Friday 2 February 2007

Public Money; Private Profit

Well not surprisingly, an article in the British Medical Journal by Professor Allyson Pollack and his colleagues at University College London dismissed government claims that its private finance initiative (PFI) provides a good deal.


Despite this, the government still deny that this is indeed the case. What a surprise!


They say their findings are wrong, but deny them access to vital documents that would allow them to compare and contrast. What have they got to be scared of if it is such a good idea? Despite this, the report came in with the goods and the interested parties supporting PFI's must hate them for it.


So what is a PFI?


Public Private Partnerships (PPP) are basically the private companies running public services for profit, not a sense of public concern. The Private Finance Initiative (PFI) is the most frequently used type of PPP. The key difference between PFI and public funding to provide public services, is that the public does not own the asset (hospital, school etc.).

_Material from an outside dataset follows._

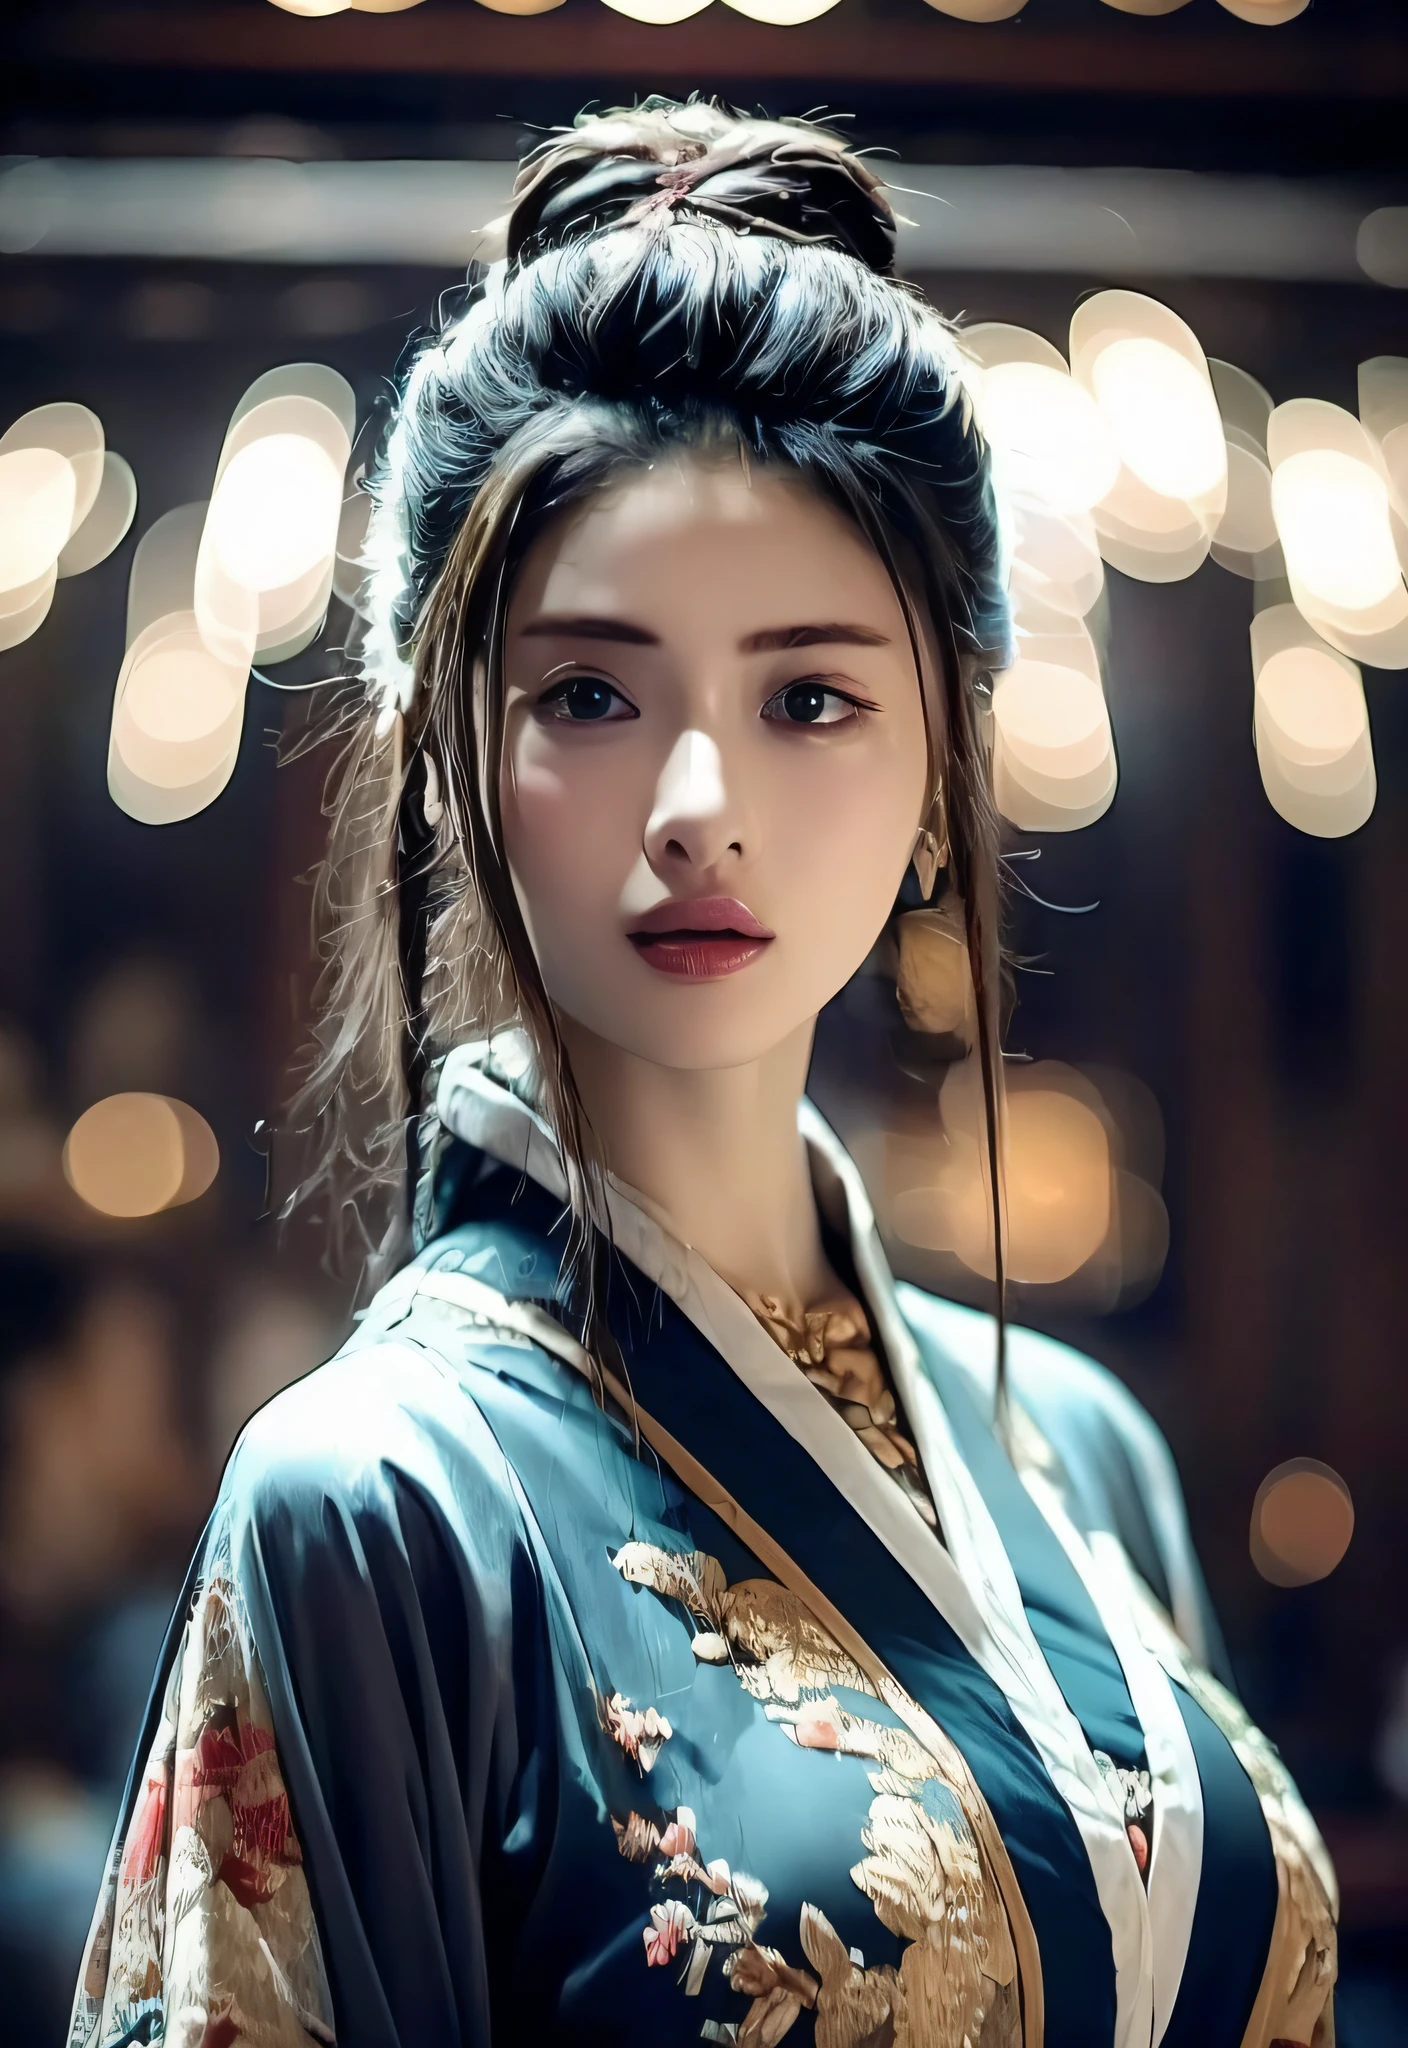 최고의 품질, 걸작, 고등어, 우시아 1소녀, 중국 드레스, 정말 아름다운 얼굴, 정말 아름다운 눈, 매우 아름다운 머리카락

That is, whilst we pay a huge “rent”, as do their children and children's children, we the public never own what should be a our asset financed by our taxes.


These companies are usually a consortia including a building firm, a bank and a facilities management company. Even if the scheme starts in “British” hands, soon the companies sell on their interest to anyone and we have the ridicules situation where anyone with a dollar can own elements of the public services we need in the UK. How can we plan, when any Tom, Dick or Harry hold the asset?


The fact is we cannot, as we have to service the rent payments to make things attractive for the potential landlord The powers that be will concentrate services in places that are not necessarily the most appropriate place in respect of provision, but instead serve the number crunchers in government who are falling over themselves to make the investment appealing and well off the ledger to give the impression that the books balance.